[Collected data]
----------

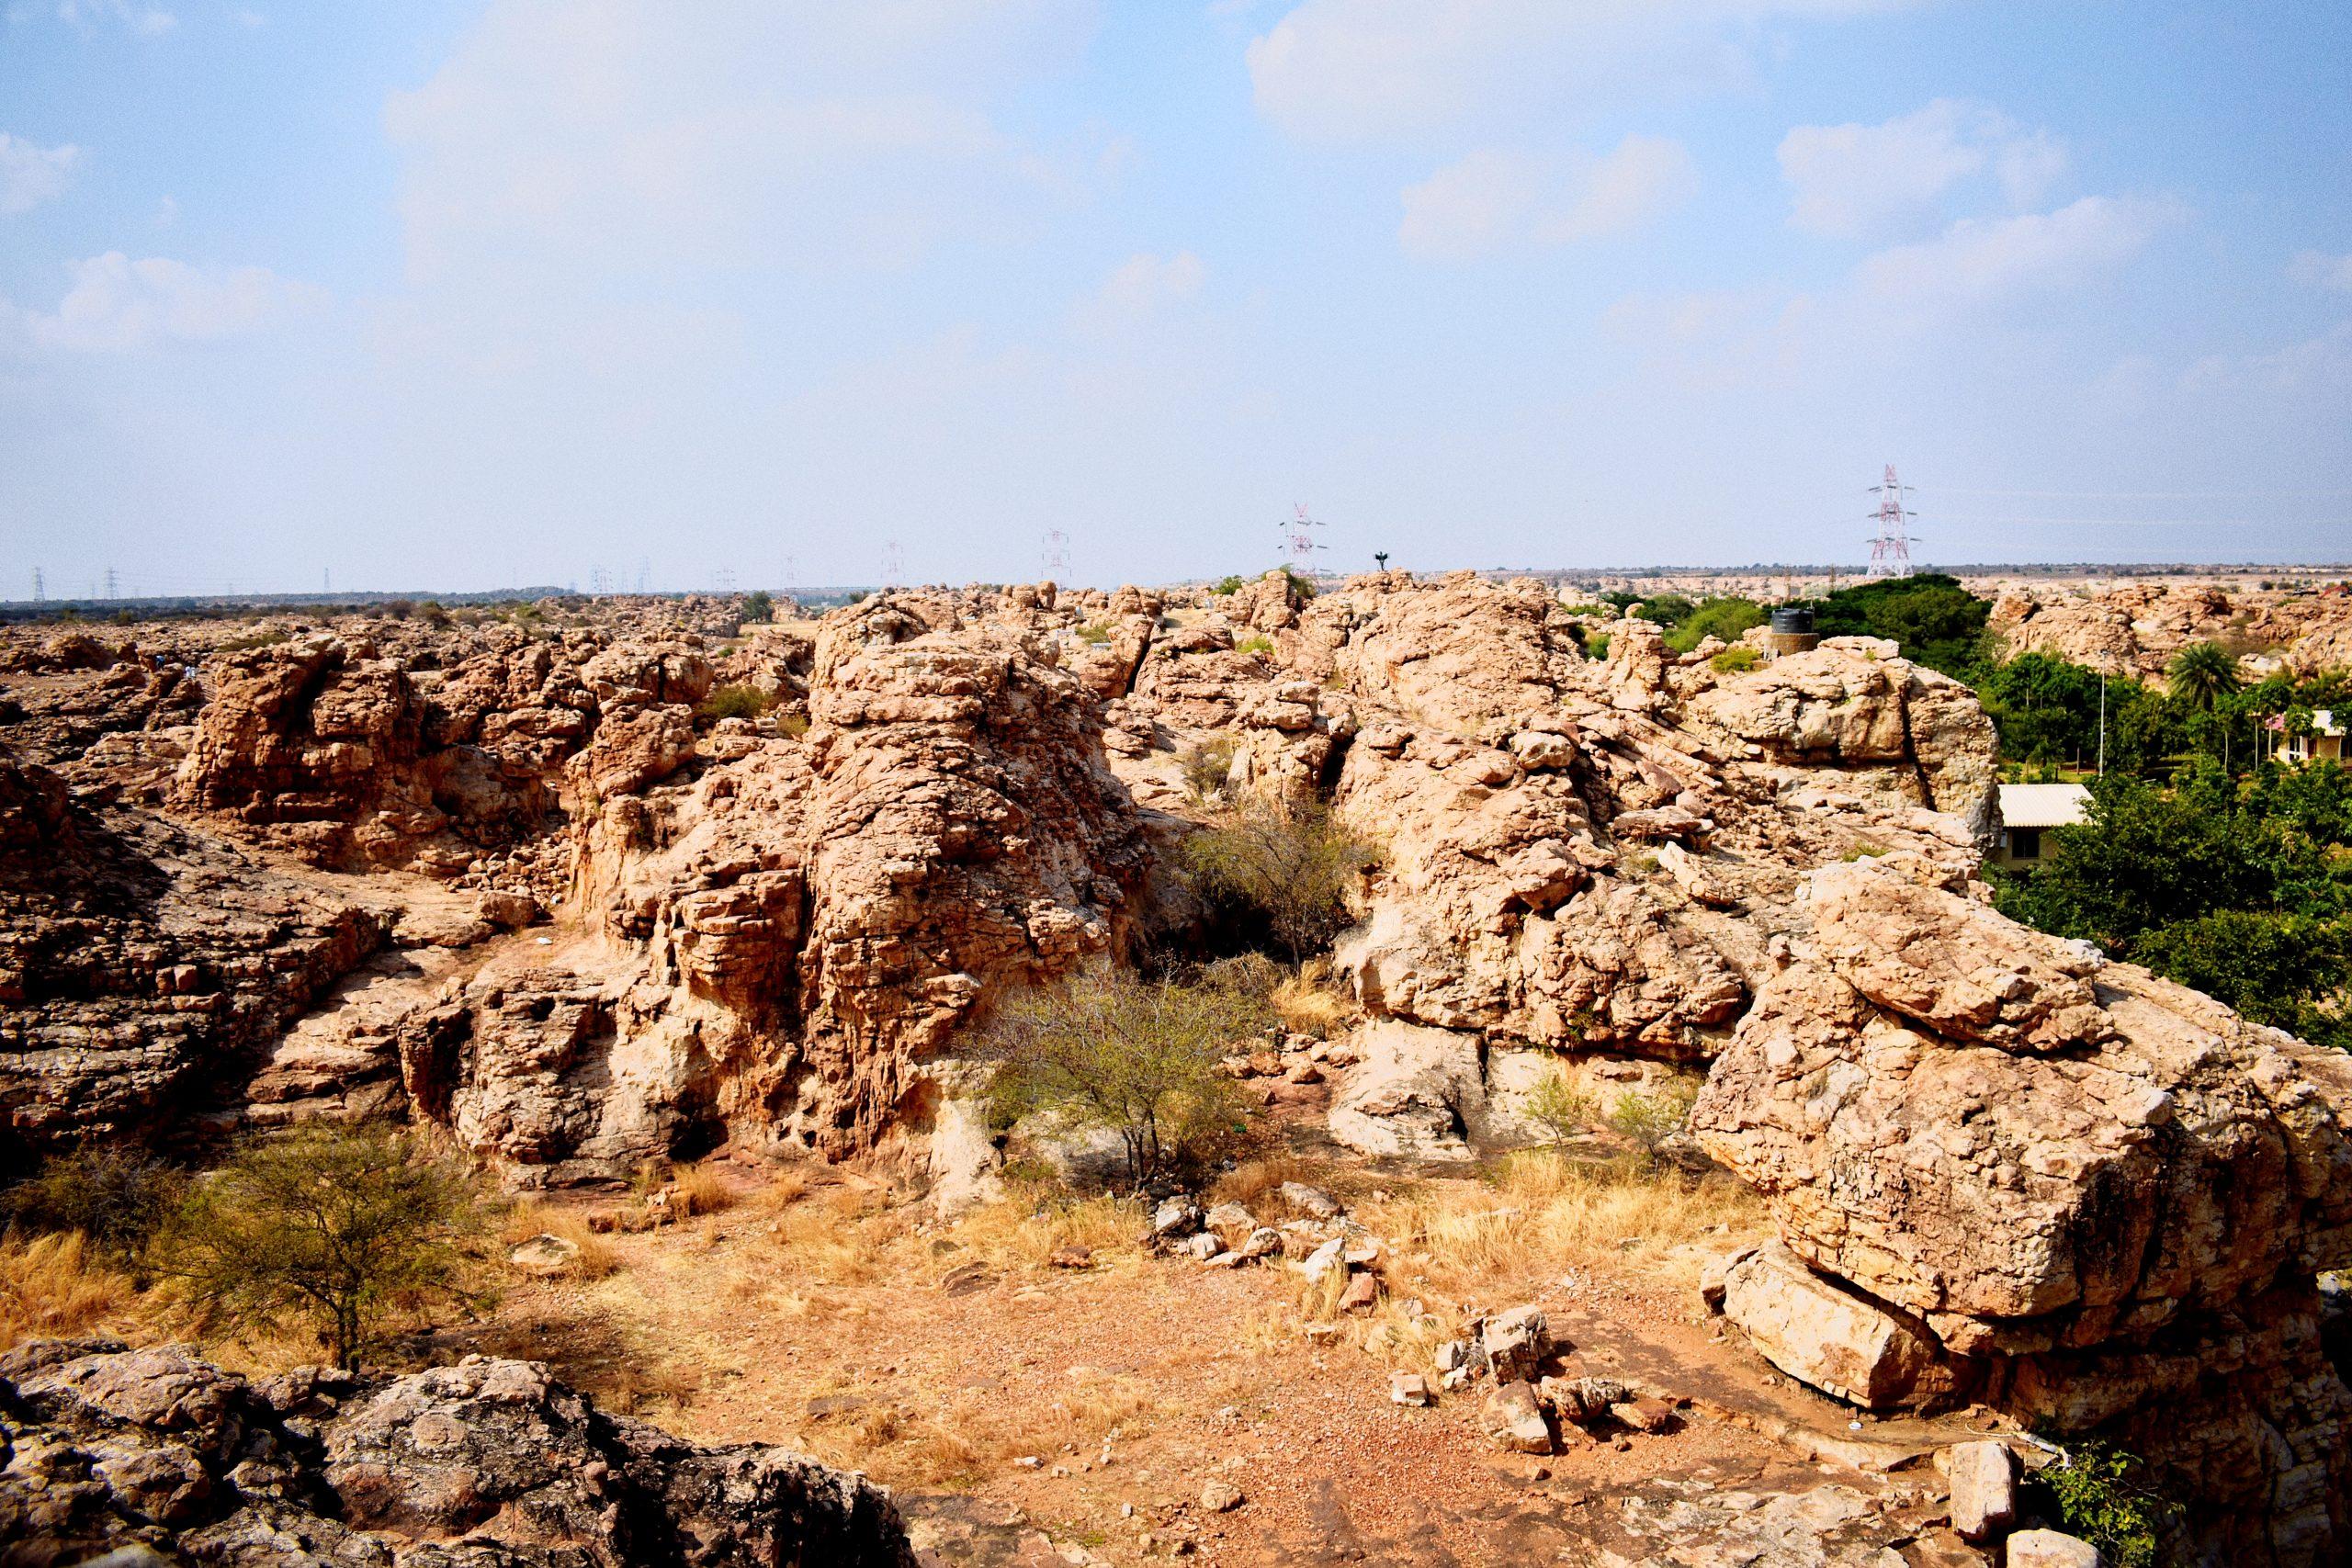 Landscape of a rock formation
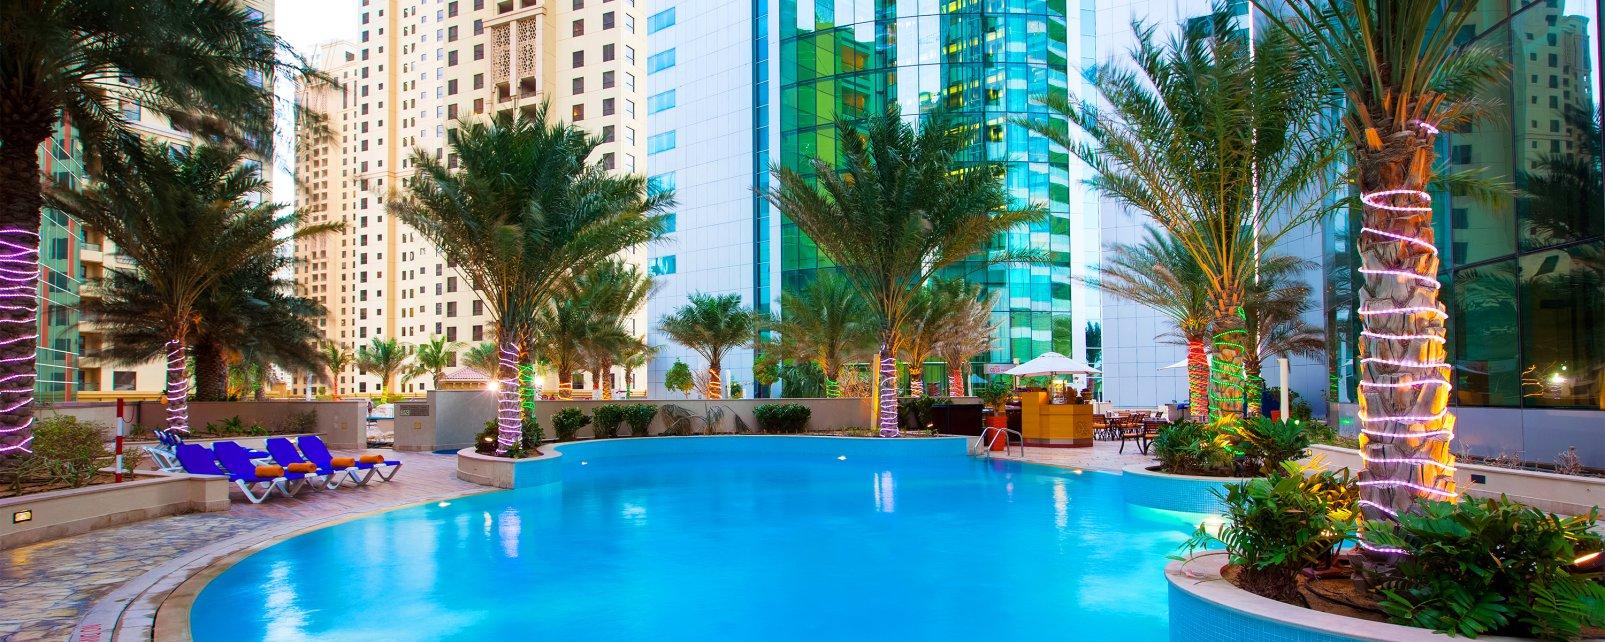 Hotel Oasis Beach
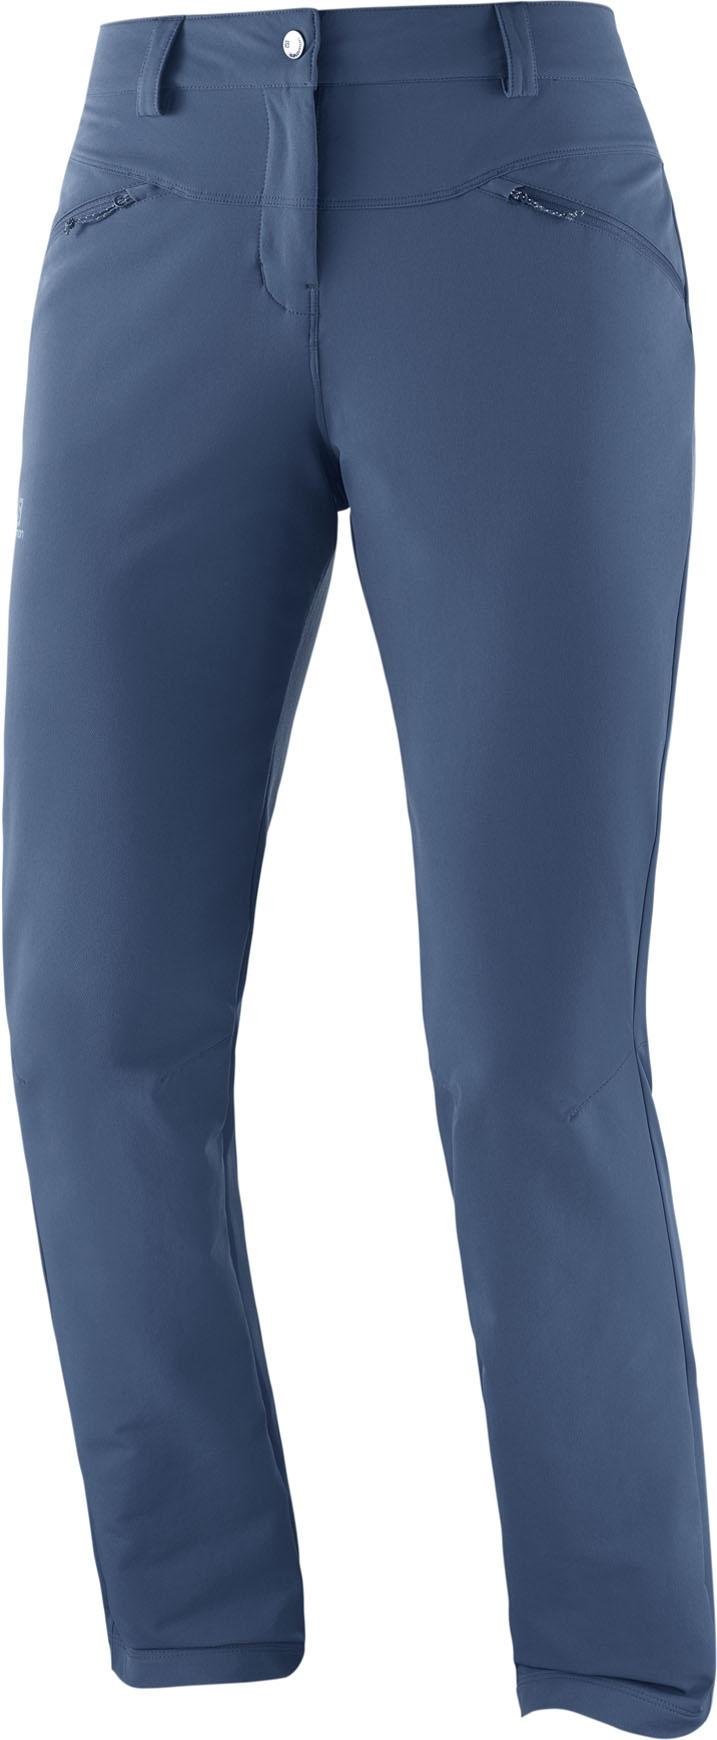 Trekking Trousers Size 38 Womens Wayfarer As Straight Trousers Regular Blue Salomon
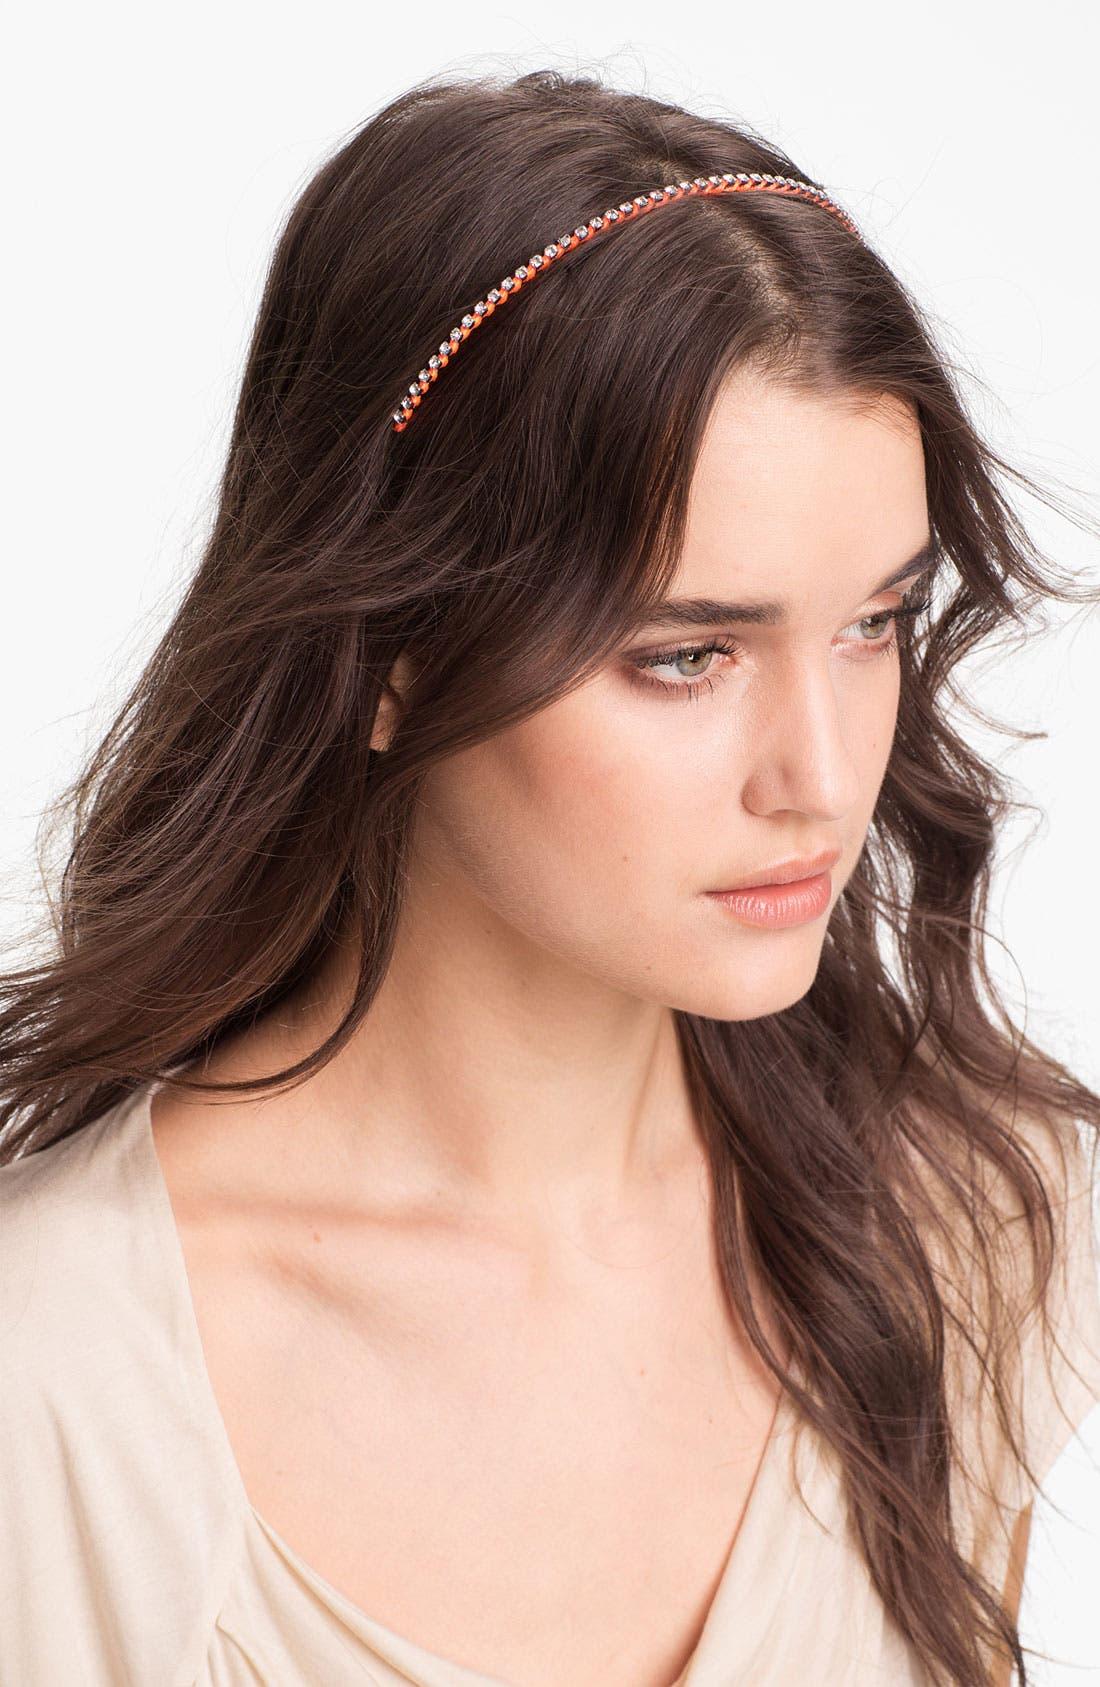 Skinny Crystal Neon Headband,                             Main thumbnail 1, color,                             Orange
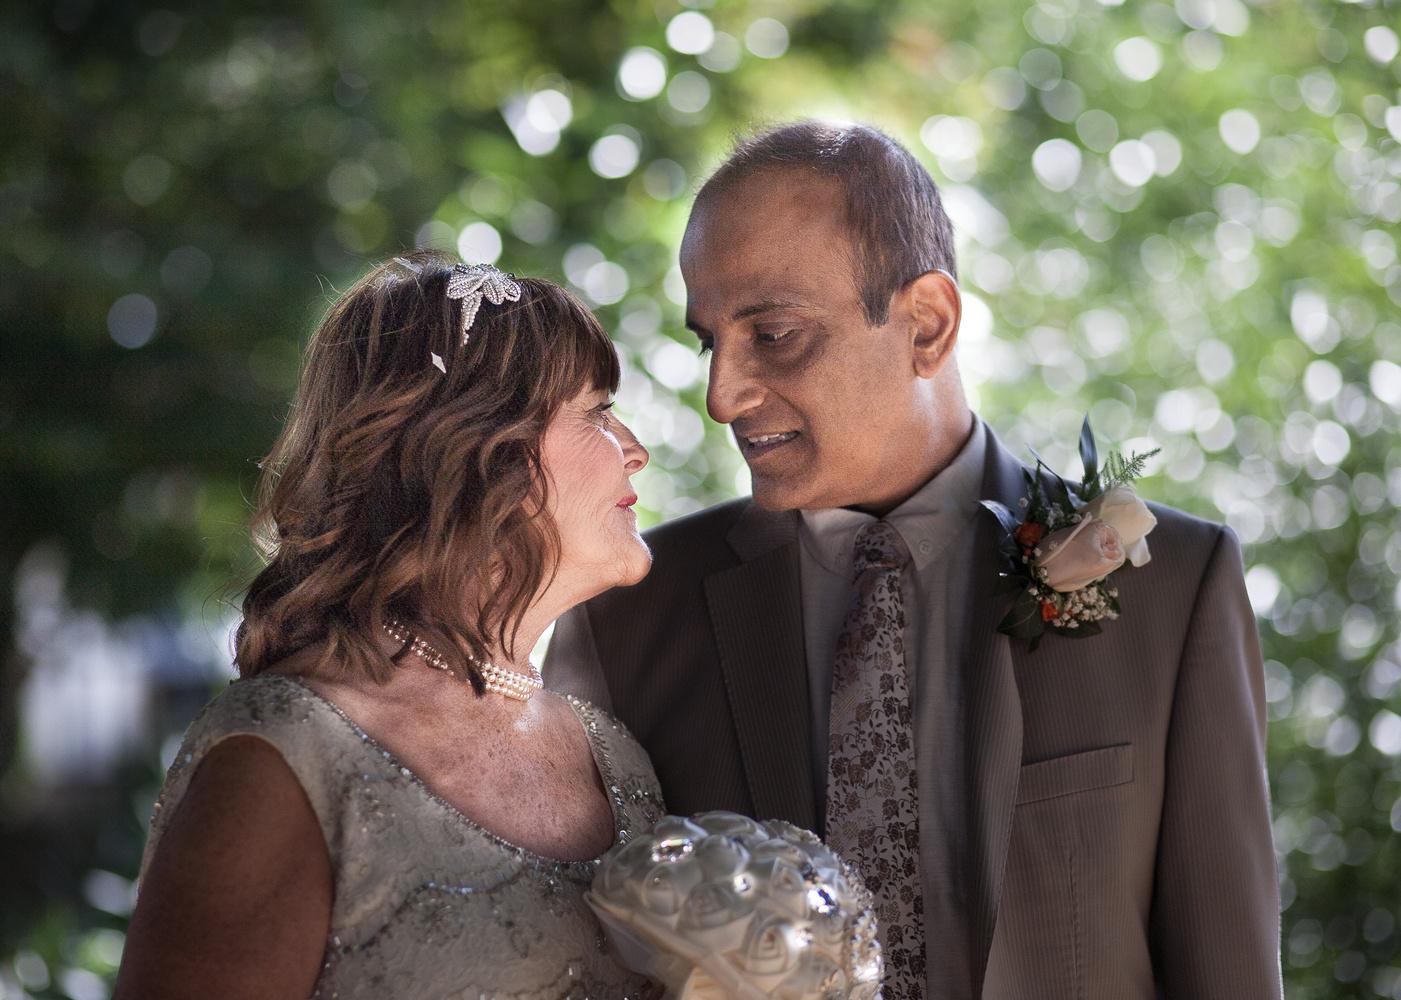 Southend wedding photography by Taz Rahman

----------

* **Directions for this task**
All of the data gets printed again exactly; the pictures do not.

* **Reply**
 Landscape of a rock formation
 Hotel Oasis Beach
 Trekking Trousers Size 38 Womens Wayfarer As Straight Trousers Regular Blue Salomon
 Skinny Crystal Neon Headband,                             Main thumbnail 1, color,                             Orange
 Southend wedding photography by Taz Rahman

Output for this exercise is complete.